On the social side, Scott was a leader in the local chapters of the Odd Fellows and the Masons, holding top positions in both fraternal groups, locally and in the state.
Long before Ridgefield had a public library, Scott offered Ridgefielders the “Hiram K. Scott Circulating Library.” Begun in 1852, the library loaned out books for between three and nine cents a week, depending on how much the volumes cost; back then, most books sold for less than $1 brand new, and many were less than 50 cents. But 50 cents in 1850 was the equivalent of nearly $15 today. Thus, even three cents (about 88 cents today) was a fairly sizable amount of money; nonetheless, it was a lot cheaper than buying the book. The Scott library may have inspired the Library Club, formed in 1871. People paid $3 a year to belong and the money was used to buy books that were then circulated among members. After a year or so the books were sold and a new set purchased for reading.

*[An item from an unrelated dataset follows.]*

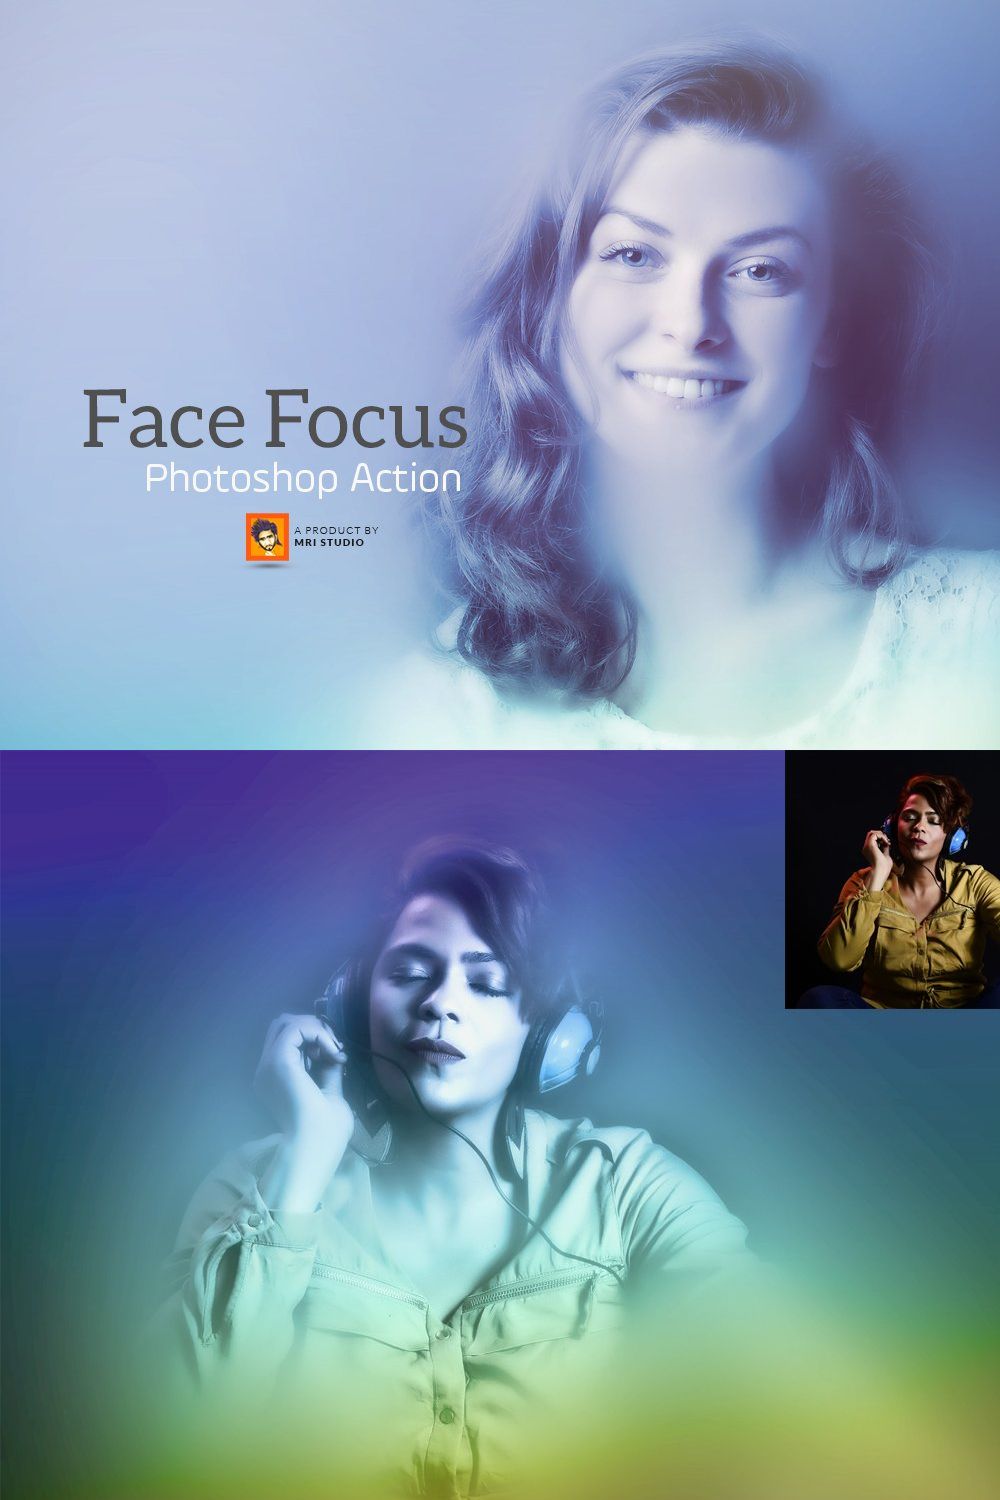 Face Focus Photoshop Action pinterest preview image.

The colonel’s books may have fed the intellectual needs of Ridgefielders, but there were more down-to-earth delights that Scott and his successor also satisfied. According to the Keith Jones of Ridgefield Historical Society, “The town’s first soda fountain was installed as far back as 1853 by none other than Hiram K. Scott at his Main Street drug store. In an incredible stroke of fortunate timing, Scott sold his drug business to H.P. Bissell four months before the Great Fire which completely destroyed the store in 1895. Bissell rebuilt immediately and purchased a shiny new state-of-the-art ‘frigid soda and mineral water draught apparatus’ from the Peeffer & Louis Company of Boston, complete with marble body, oaken top, fancy mirror, and assorted light fixtures.”

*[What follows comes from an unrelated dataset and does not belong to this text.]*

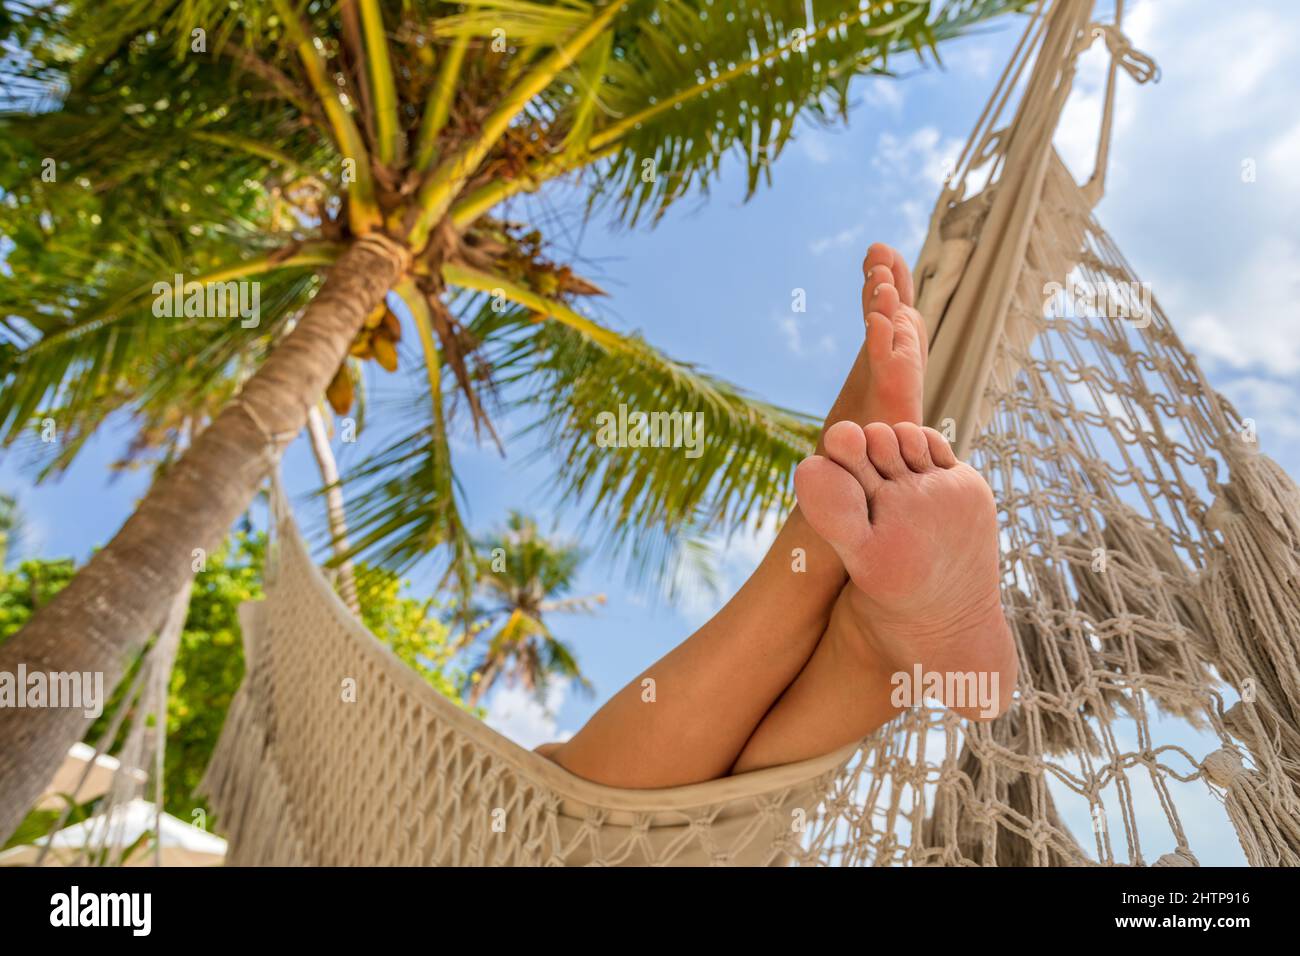 Vacaciones relajantes en la playa con pies de mujer en una hamaca entre palmeras de coco. Exótico complejo hotelero en una isla tropical. Soleado día cálido con cielo azul. Foto de stock

Scott was also involved in one of several unsuccessful efforts to bring a railroad to Ridgefield center. In 1867 he was named secretary and treasurer of small group who organized the Ridgefield and New York Rail Road. This and other efforts to bring rail service to the center shocked the Danbury and Norwalk Railroad into action — two years later, it began work on its spur line from Branchville to Ridgefield center, completed in 1870. That dampened interest on building yet another line into the center of town, and Scott’s railroad never laid a track.

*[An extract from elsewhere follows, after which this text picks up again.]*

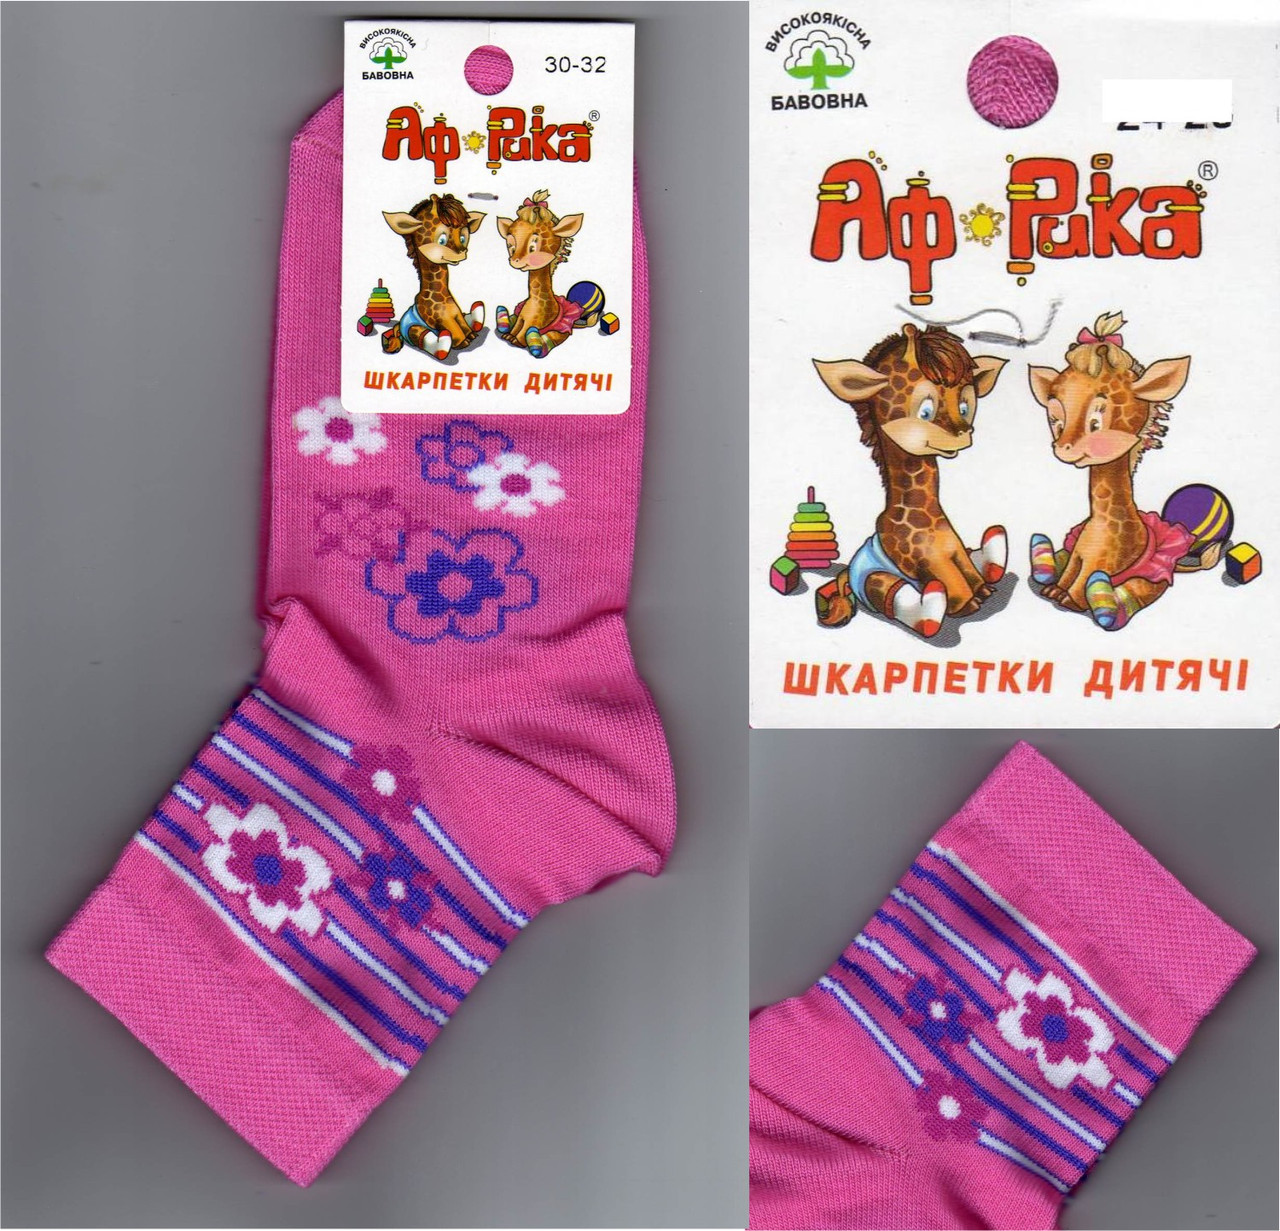 Шкарпетки дитячі демісезонні "Африка" Місюренко 20 р) дівчинка НДД-08136

Scott seemed rather progressive when it came to transportation and perhaps even exercise (to work off the ice cream consumed at the soda fountain?). Back in 1893 Ridgefield banned operators of bicycles — called “wheelmen” — from using the sidewalks on Main Street. Cyclists much preferred the well-maintained sidewalks to a muddy, rutty and dung-dotted roadway (bicycles, not cars, were the main reason many of the busier roads in Connecticut began to be paved around the turn of the 20th Century after the League of American Wheelmen pressed for better highways.). In 1896 when he was in his 70s, Scott joined 23 people, including some other prominent citizens, in signing a petition, asking that wheelmen be allowed to use the sidewalks. The effort failed, and it wasn’t until nearly a hundred years later that bicycles were permitted on sidewalks (as long as they don’t operate “in a reckless manner with disregard for the safety of other persons using said public sidewalk”).
Colonel Scott was still on the job as town clerk when he died in 1909 at the age of 87. He had survived three wives, and had five children. One son, Hiram Jr., briefly succeeded him as town clerk and, in 1924, son George was elected town clerk and probate judge. His descendants and relatives still live in and about Ridgefield today.
“So long a period of service in one community is a sufficient guarantee of Mr. Scott’s standing and worth as a man and citizen, as well as of his ability,” said The Commemorative Biographical Record of Fairfield County, published in 1899.
It added, “He has been through a long life...a kind of ‘general utility man’ in the community, his fellow citizens having the greatest confidence in his ability to further to success anything he undertakes, and in his integrity. In short, he has been a successful and a most useful man.”